Eigenvalue Decomposition

template<typename scalar_t> void lapack::heevd_work_size_bytes(lapack::Job jobz, lapack::Uplo uplo, int64_t n, scalar_t *dA, int64_t ldda, blas::real_type<scalar_t> *dW, size_t *dev_work_size, size_t *host_work_size, lapack::Queue &queue)

Query workspace sizes for eigenvalue decomposition on GPU.

Parameters:

jobz – [in]
- Job::NoVec: Compute eigenvalues only
- Job::Vec: Compute eigenvalues and eigenvectors
uplo – [in] Triangle stored in A
n – [in] Matrix dimension. n >= 0
dA – [in] Device pointer to n-by-n matrix (unused, for overloading)
ldda – [in] Leading dimension. ldda >= max(1,n)
dW – [in] Device pointer to eigenvalue array (unused, for overloading)
dev_work_size – [out] Size in bytes for device workspace
host_work_size – [out] Size in bytes for host workspace
queue – [in] GPU device queue

template<typename scalar_t> void lapack::heevd(lapack::Job jobz, lapack::Uplo uplo, int64_t n, scalar_t *dA, int64_t ldda, blas::real_type<scalar_t> *dW, void *dev_work, size_t dev_work_size, void *host_work, size_t host_work_size, device_info_int *dev_info, lapack::Queue &queue)

Eigenvalue decomposition of Hermitian matrix using divide-and-conquer on GPU.

Computes all eigenvalues and optionally eigenvectors of an n-by-n Hermitian matrix A. Uses divide-and-conquer algorithm for improved performance.

Template Parameters:

scalar_t – Matrix element type: float, double, std::complex<float>, std::complex<double>

Parameters:

jobz – [in]
- Job::NoVec: Compute eigenvalues only
- Job::Vec: Compute eigenvalues and eigenvectors
uplo – [in]
- Uplo::Upper: Upper triangle of A is stored
- Uplo::Lower: Lower triangle of A is stored
n – [in] Matrix dimension. n >= 0
dA – [inout] Device pointer to n-by-n Hermitian matrix A with leading dimension ldda.
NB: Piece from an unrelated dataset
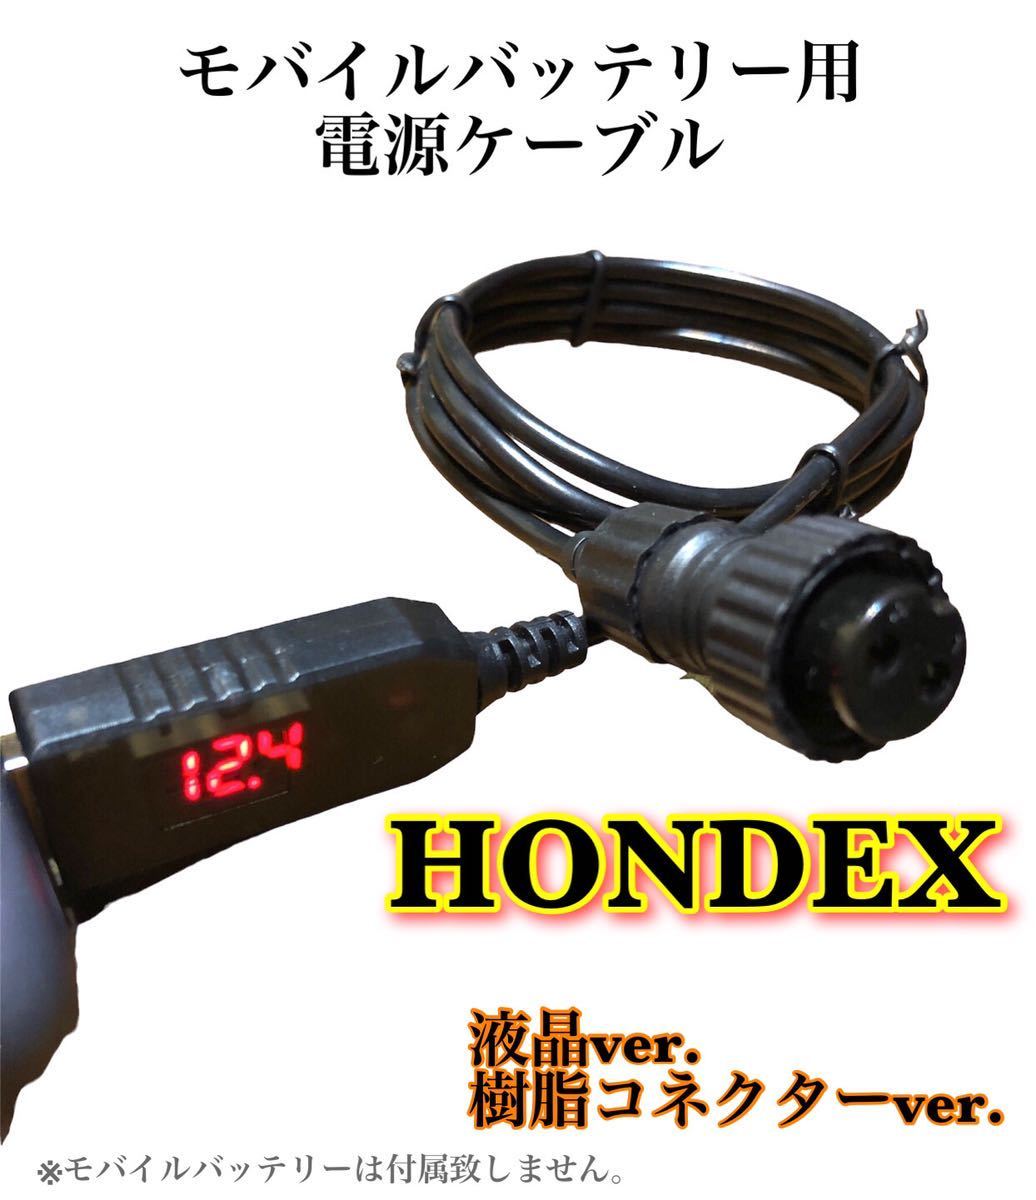 ホンデックス(HONDEX)製魚探をモバイルバッテリーで動かす為の電源ケーブル(モニター5型未満)｜売買されたオークション情報、ヤフオク!  の商品情報をアーカイブ公開

On exit, if jobz = Vec, columns contain orthonormal eigenvectors
ldda – [in] Leading dimension. ldda >= max(1,n)
dW – [out] Device pointer to array of length n containing eigenvalues in ascending order
dev_work – [in] Device workspace pointer
dev_work_size – [in] Size of device workspace in bytes
host_work – [in] Host workspace pointer
host_work_size – [in] Size of host workspace in bytes
dev_info – [out] Device pointer to info status:
- 0: successful
- i > 0: Algorithm failed to converge
queue – [in] GPU device queue for asynchronous execution

Device Memory Types

LAPACK++ defines integer types matching vendor GPU libraries:

device_info_int: Return status from device operations (int for CUDA/ROCm, int64_t otherwise)
device_pivot_int: Pivot indices (int64_t for cuSOLVER 11+, int for ROCm, int64_t otherwise)

These types ensure ABI compatibility with vendor-specific libraries while maintaining a unified interface.